Khadija Siddiqi’s case and her bravery amidst all the chaos has continued to serve as a lesson for women to hold their heads up high and fight against injustice.

A year later, her case is still going strong with the accused bringing forth the most absurd arguments out of desperation to win the case. Clearly, the only thing working in his favour is the power his father holds in the legal fraternity.

Siddiqi, a law student at a local college, was stabbed 23 times in broad daylight on May 3, 2016 by 21-year-old Shah Hussain, the son of an influential lawyer, when she had gone to pick up her younger sister from the Convent of Jesus and Mary school in Lahore.

Yet, she still has not received the justice she deserves.

In a hierarchal system like the one in Pakistan, one can hardly expect to see someone win against a powerful entity even when the powerful have committed the wrongest of deeds. No matter how right the opposition might be, it is seldom that we witness the right side gain victory against the privileged.

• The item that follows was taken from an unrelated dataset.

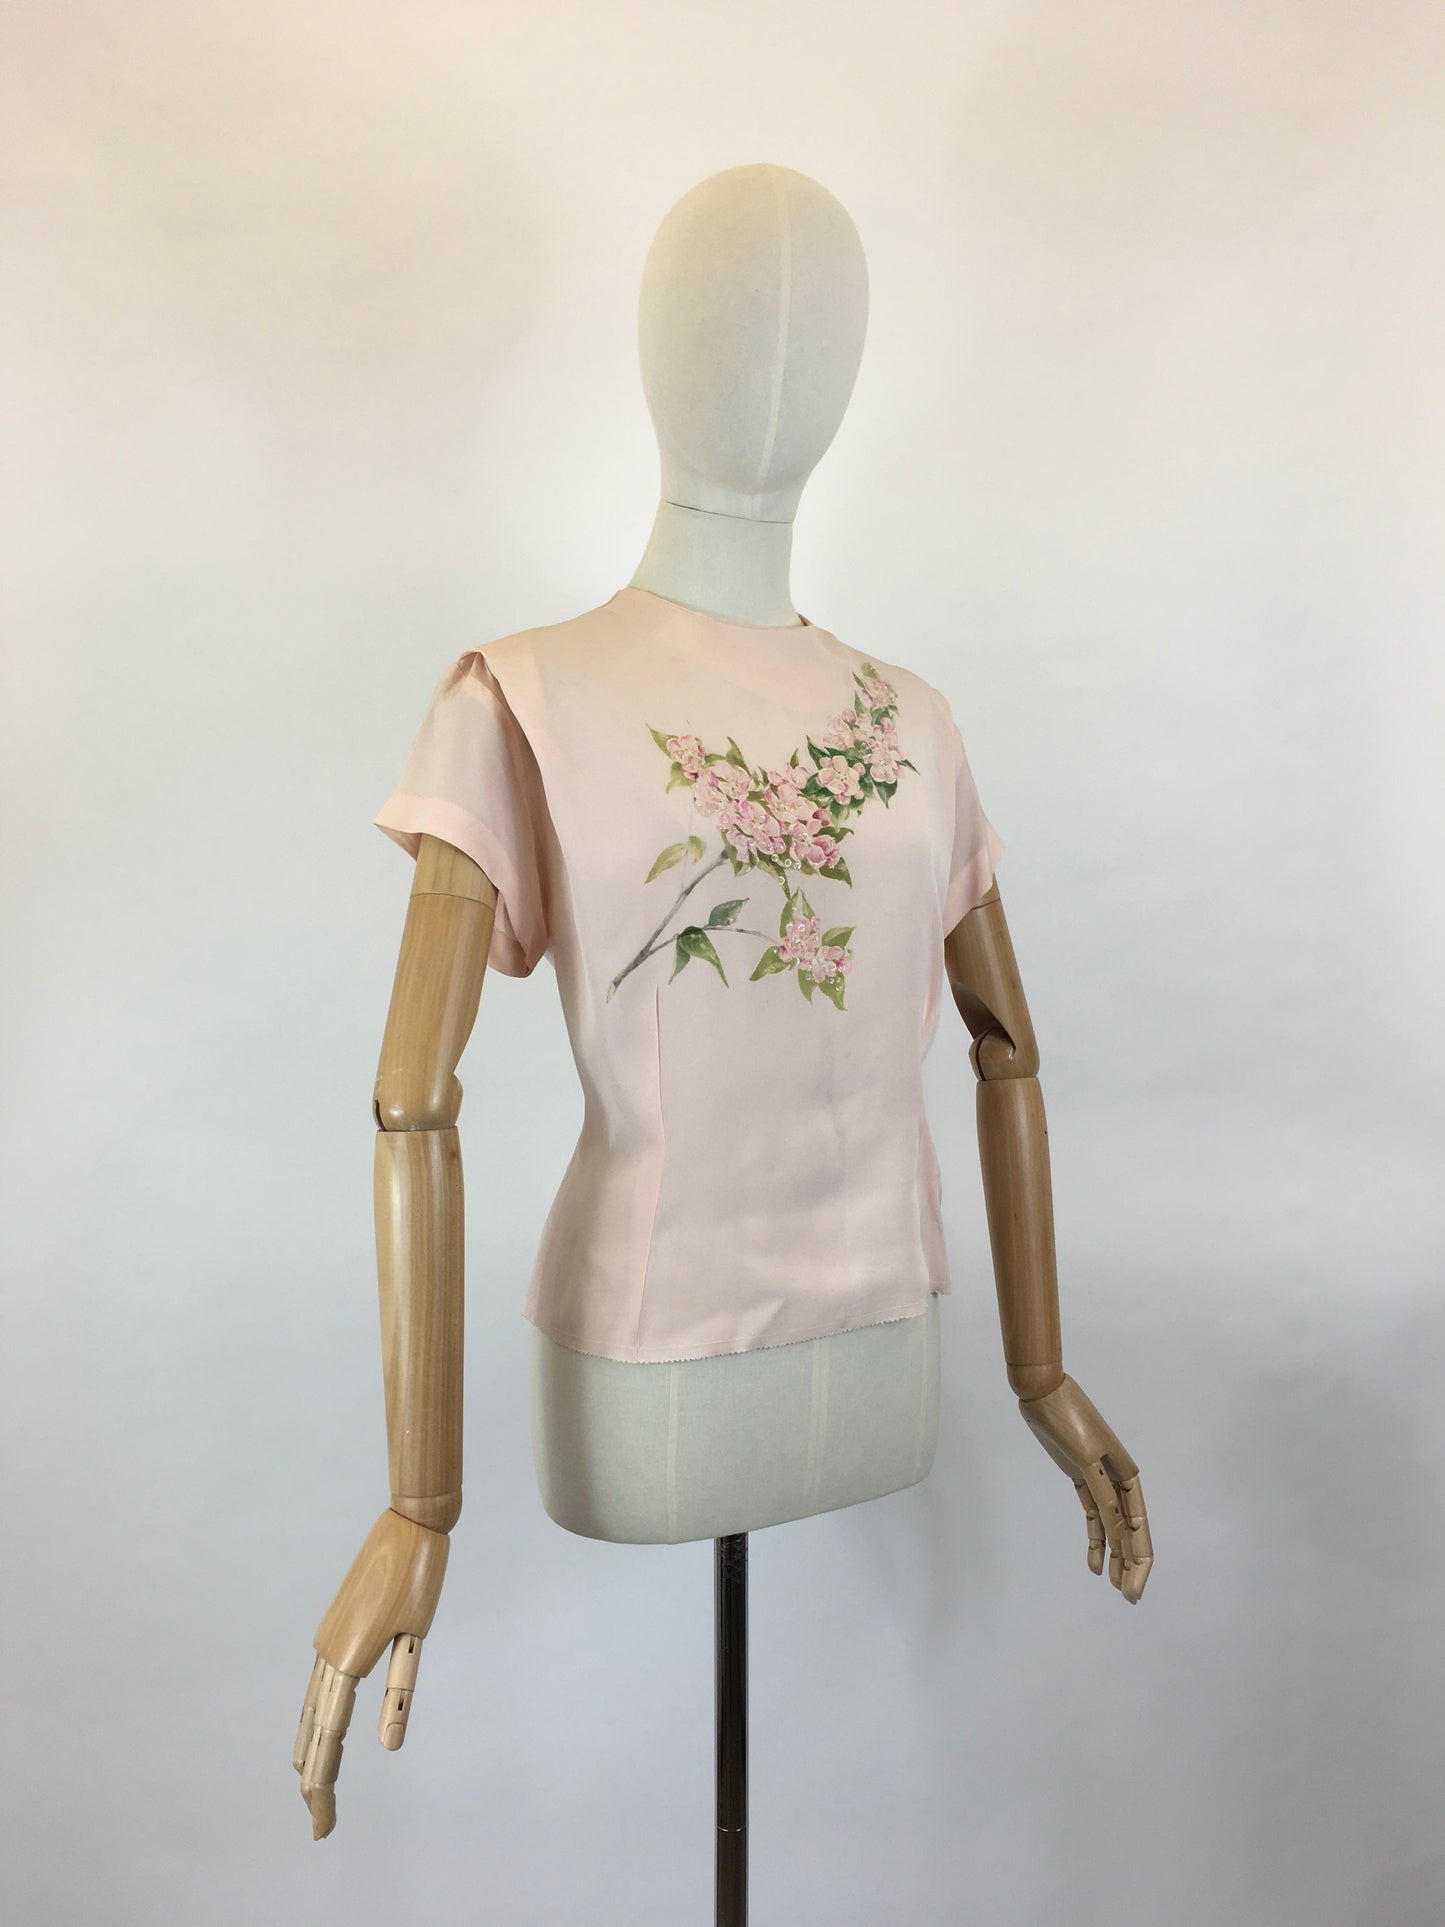 Original 1940’s Darling Rayon Blouse in Soft Peach - With Painted Floral & Beadwork Embellishments

Privilege does not only come from money and status, it also comes with being a male in this society, and that is what Hussain thinks will give him advantage over his female victim.

An important fact to take into consideration while analysing this case is that Siddiqi and Hussain used to be friends up until a year before he attacked her. However, the friendship ended when Hussain started acting forceful towards her.

In addition, Siddiqi has admitted that Hussain also hacked her accounts. This incident alone reinforces the notion that in many cases, violence against women is most likely to be perpetuated by friends, partners or other male relatives of a victim, especially if the victim is a girl.

One of the most problematic issues arising from this trial is the way Siddiqi was cross-examined. As if the accused had not already endured enough, she was put to further test by the kind of questions she was asked in court. Since the general Pakistani public bestows the honour of a family onto women, the objectives of the questions asked in the trial court of the victim were extremely personal and outright irrelevant to the case.

However, it was evident that the accused would stoop to the farthest level of inappropriateness in order to try and win this case, even if it meant falsely tarnishing the victim’s reputation in public.

The victim was questioned about the validity of her virginity. In what world does a girl’s virginity being intact or otherwise have to do with her being stabbed heartlessly by a partner or anyone else? Why are women constantly having to prove themselves to be virgins in order to receive respect and most importantly, to be granted justice when they have been hurt or treated badly?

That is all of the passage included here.